L’album est très structuré, il s’écoute comme on regarderait un film. C’est dû à l’importance que donne LK à la trame narrative. « Dans ma manière d’écrire, j’ai du mal à être concis, à résumer tout un thème dans un morceau, j’en ai besoin de trois ou quatre, du coup quand j’écris un album j’essaie dès le début d’avoir la tracklist globale, j’écris parfois des titres de chanson avant d’avoir les paroles ! »
Xanadu, est un album très spirituel, on y ressent un artiste plus apaisé que celui qui rappait dans San Francisco, plus de cynisme, moins de désespoir, plus d’argent et moins de drogues, une évolution liée au quotidien chamboulé du chanteur, depuis qu’il est papa. « Pour le premier album, j’étais dans une période sombre en France, j’avais des histoires de famille, le premier album a été écrit au moment du suicide de ma mère, maintenant j’ai une vie différente, plus apaisée, je suis père, je pense à l’argent d’une manière différente d’avant. »
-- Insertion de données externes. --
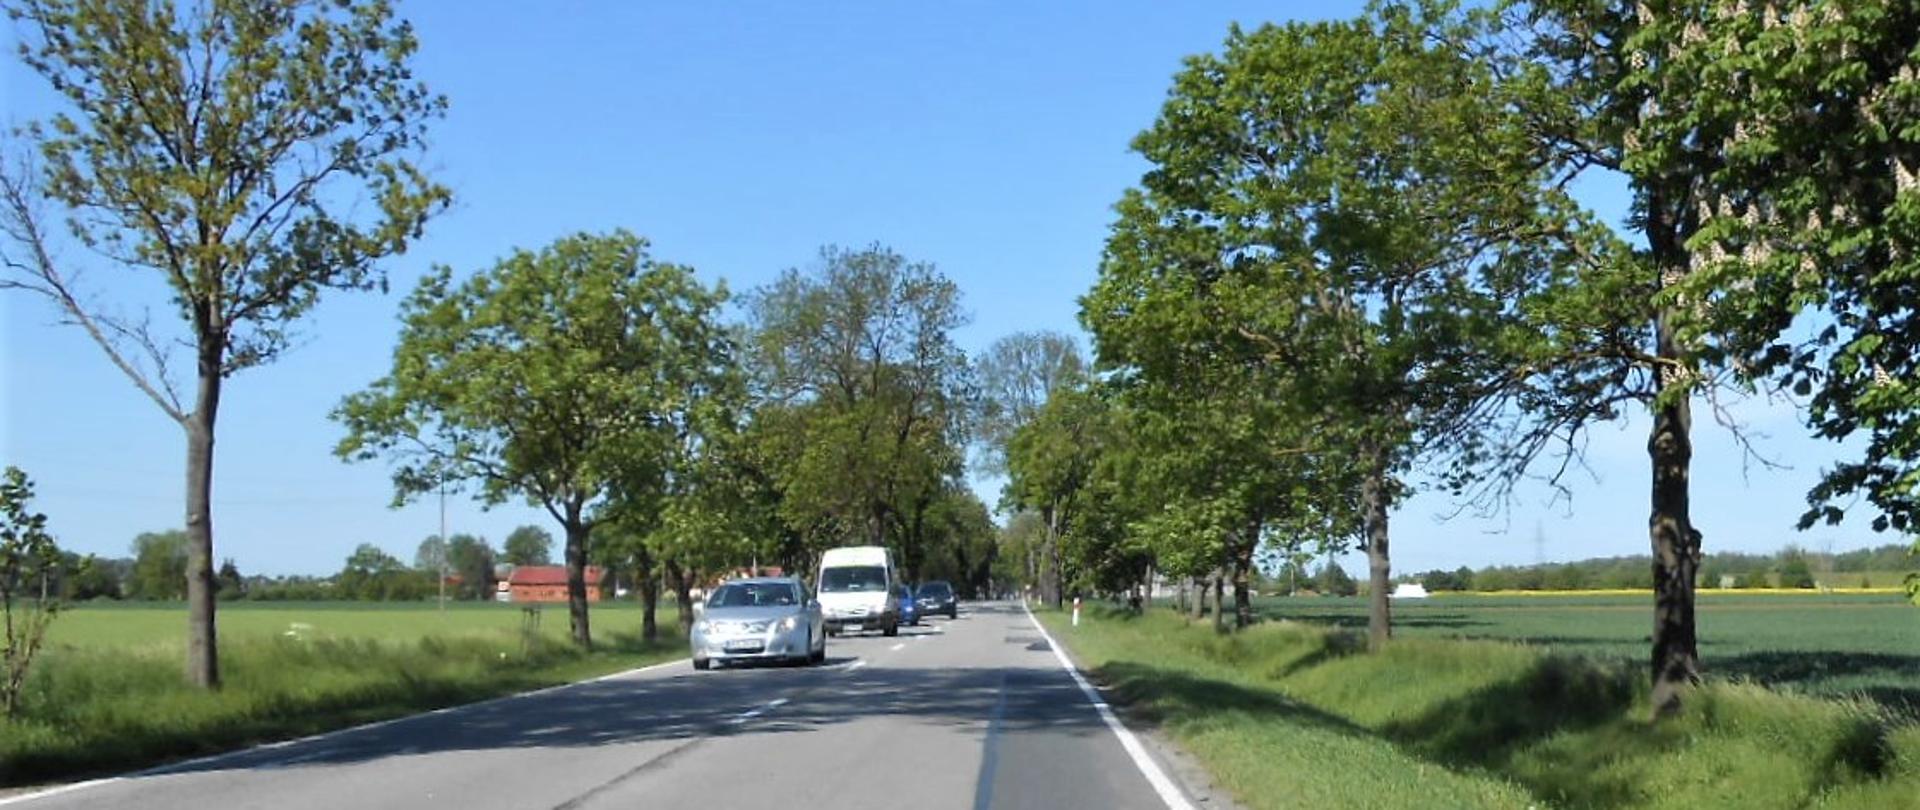 Zdjęcie przedstawia drogę krajową nr 22 z jadącymi pojazdami po obu stronach widać pola uprawne i drzewa.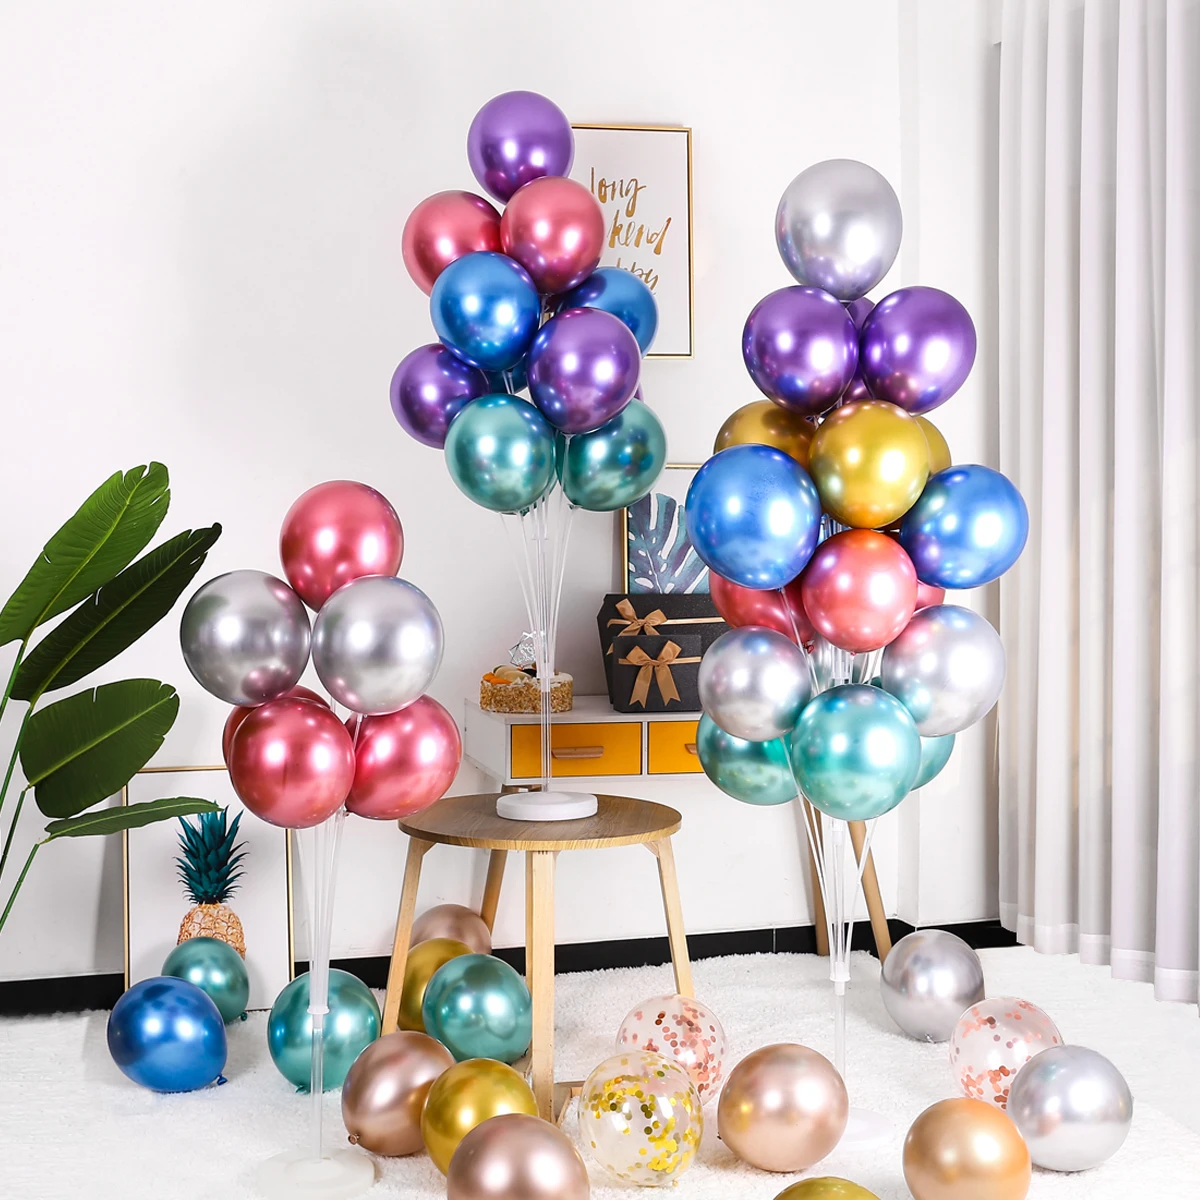 Подставка для воздушных шаров планшетофон оформления детского дня рождения

Les collaborations sur cet album sont très variées, et éloignées géographiquement, à l’image du rappeur. Il y a le belge Béhybé, dont il admirait le travail il y a vingt ans, et qu’il a redécouvert par hasard sur la mixtape Néochrome sur laquelle il a également collaboré, Nikkfurie de La Caution, une de ses idoles du rap français, et Squadda B, Californien rencontré sur Internet.
Avec sa vie de famille à Londres, LK n’envisage pas encore de tournée en France, mais il a beaucoup de projets musicaux déjà prévus, deux EP avec des producteurs français, un avec un producteur anglais… Et surtout la sortie de plusieurs clips de l’album Xanadu. On le retrouvera bien vite.